What you need to do: The answer is the data repeated in full, with no pictures included.

Data:
_____

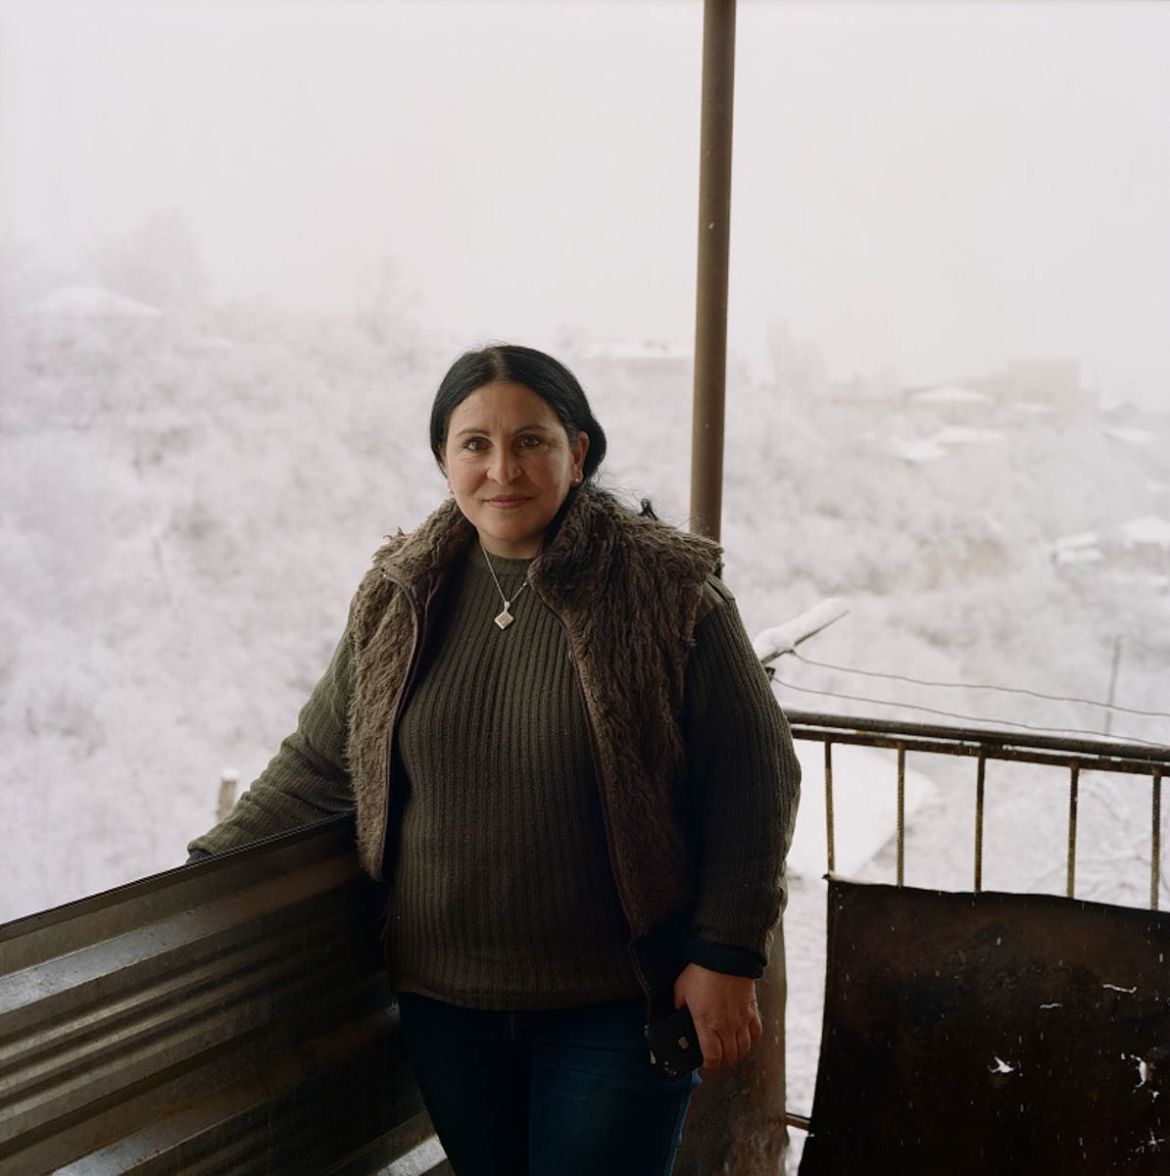 The female de-miners of Nagorno Karabakh
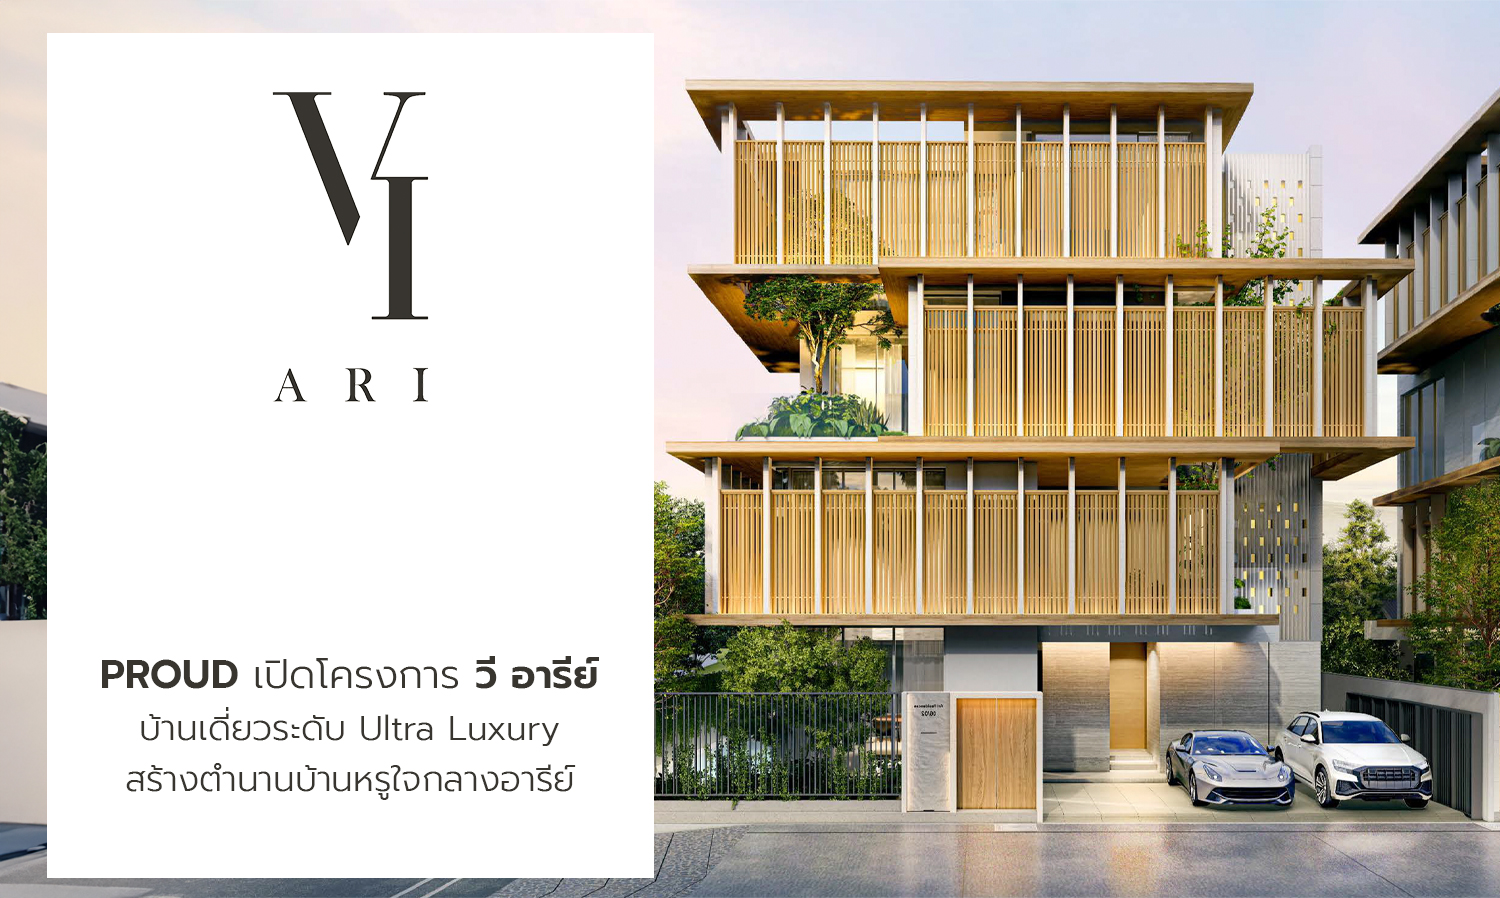 PROUD เปิดโครงการ วี อารีย์ บ้านเดี่ยวระดับ Ultra Luxury สร้างตำนานบ้านหรูใจกลางอารีย์
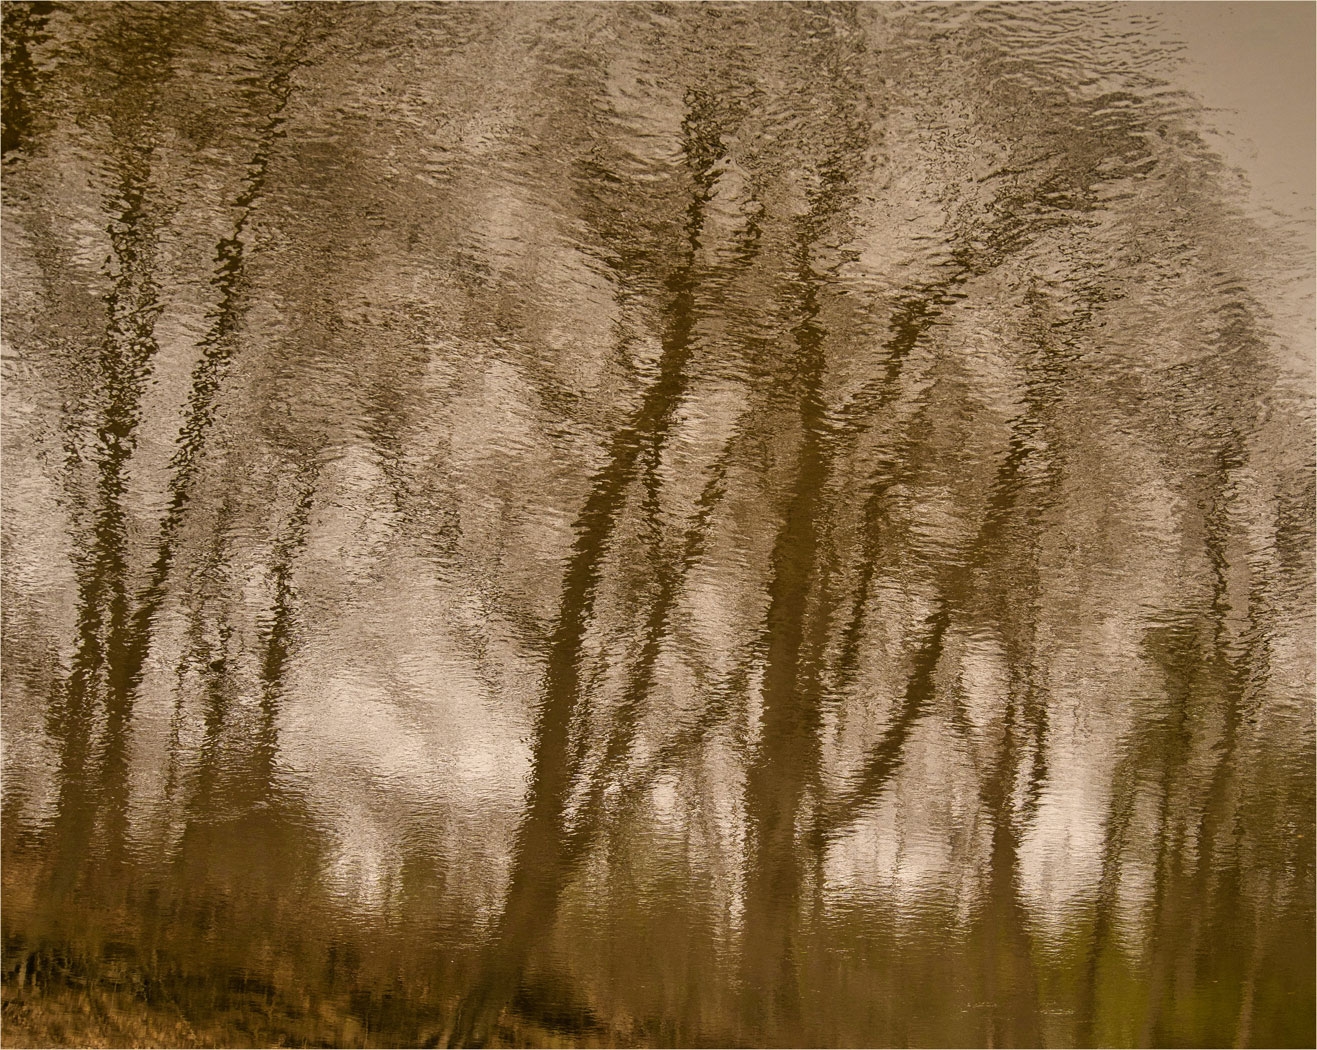 Winter Trees Reflection by Alene Galin

_____

Written response:
 The female de-miners of Nagorno Karabakh
 PROUD เปิดโครงการ วี อารีย์ บ้านเดี่ยวระดับ Ultra Luxury สร้างตำนานบ้านหรูใจกลางอารีย์
 Winter Trees Reflection by Alene Galin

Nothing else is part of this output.